Moments later, reality struck. My truck, having somehow become separated from the others during the drive through the city, came to a stop in front of the Argentine military hospital facing the UN
logistics base. A female soldier at the gate was denying us entry. Knowing that I was the only doctor, the blue-helmeted soldiers in the front of the truck gestured for me to get out, and so I did, accompanied by my new shade-providing comrade. The soldier at the gate spoke neither French nor Haitian Kreyol, the two national languages of Haiti. My Spanish being limited, I spoke in English. She gesticulated wildly that we could not enter. I stood just inside the gates, outraged that a UN truck could not enter a UN hospital. I tried to explain that the acting head of the UN in Haiti had guaranteed that we could be brought to a hospital.
“No Haitian nationals can be taken care of here; we are full,” a male in uniform lied. Behind him, scores of mattresses were piled one on top of the other, and a medical team stood anxiously by, waiting for patients, their mandate to care for UN staff members, not Haitian civilians. When my Sri Lankan escort interrupted and said “Sir, she was told that she could bring patients here,” he was given a fierce look. When he continued. “Excuse me sir, permission to speak,” he was again reprimanded. After four or five more minutes of pleading, then pointing out angrily that they didn't have any patients in their wards, and then asking him to call his boss, all to no avail, we turned around and boarded the truck.

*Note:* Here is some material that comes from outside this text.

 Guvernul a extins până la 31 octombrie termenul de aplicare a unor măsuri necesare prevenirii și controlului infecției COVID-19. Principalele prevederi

I cursed the hospital as we backed up noisily and headed toward the UN logistics base across the street, where the other trucks must have gone. We were easily granted access but were told that there was no hospital—just a makeshift clinic under semipermanent tents. Here I spent the next three days working almost nonstop with other volunteers, trying, again with almost no supplies, to provide some kind of semblance of medical care to the seriously injured. Many volunteers worked around the clock; some were UN staff assigned to other things but helping here anyway. A British ex–Royal Air Force engineer kept up my spirits. We lifted and moved patients, found them food and water, set up our open air operating room, and transferred hundreds of the most seriously injured to vehicles for the airport and evacuation to Martinique, Dominican Republic, Miami, Canada—anywhere with a functional operating room was a better option.